WHAT YOU NEED TO DO:
Scan the listing below and copy each line holding the word "from".

STORED DATA:
──────

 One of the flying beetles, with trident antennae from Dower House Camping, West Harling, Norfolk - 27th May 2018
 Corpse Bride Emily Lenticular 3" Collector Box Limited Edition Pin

──────

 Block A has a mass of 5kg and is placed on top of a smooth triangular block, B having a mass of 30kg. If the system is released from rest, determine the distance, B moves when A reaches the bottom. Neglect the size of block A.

──────

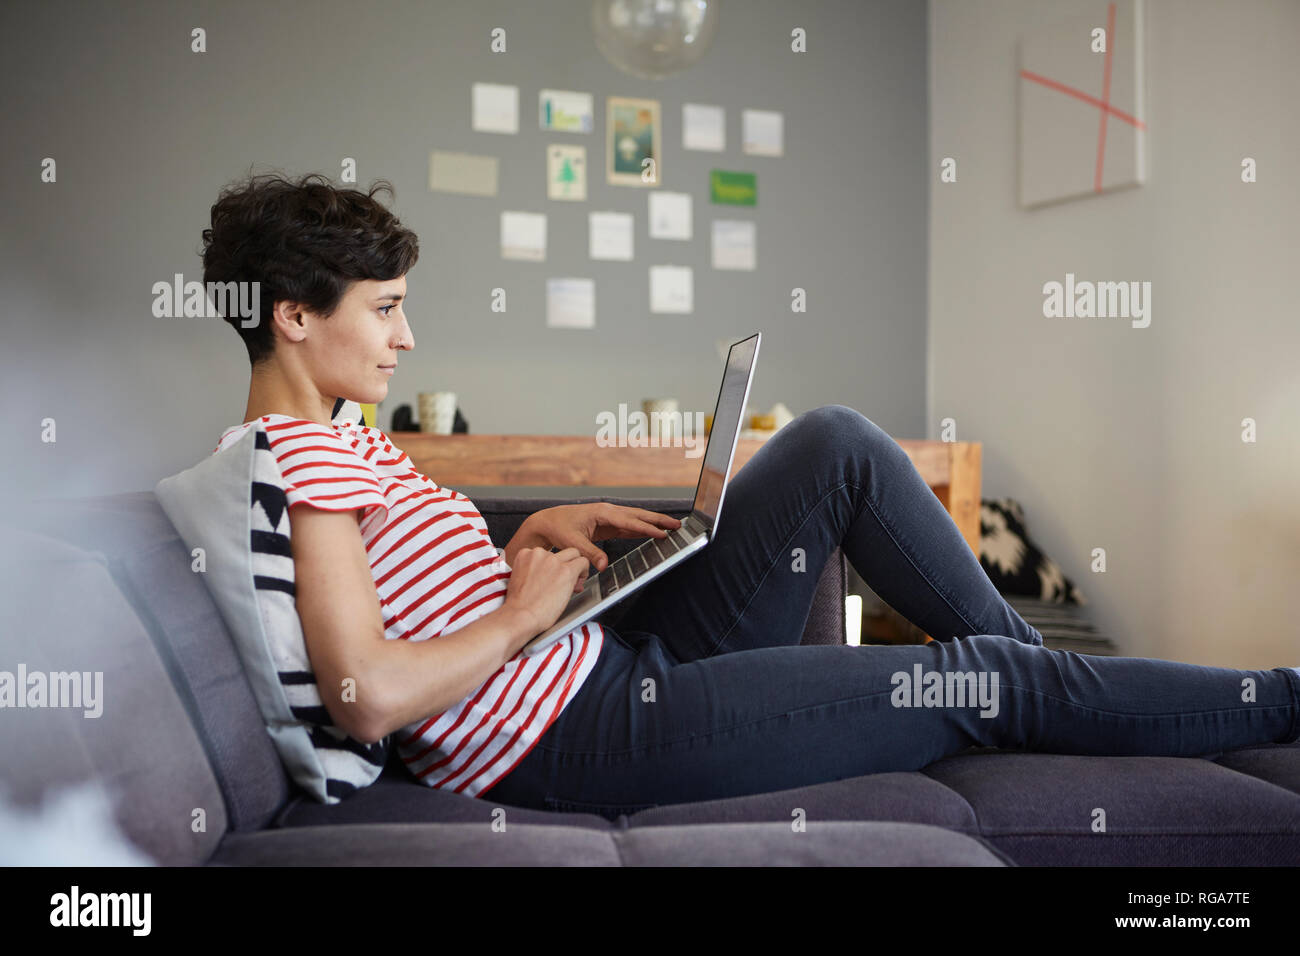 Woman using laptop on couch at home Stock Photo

──────

SOLUTION BELOW:
 One of the flying beetles, with trident antennae from Dower House Camping, West Harling, Norfolk - 27th May 2018
 Block A has a mass of 5kg and is placed on top of a smooth triangular block, B having a mass of 30kg. If the system is released from rest, determine the distance, B moves when A reaches the bottom. Neglect the size of block A.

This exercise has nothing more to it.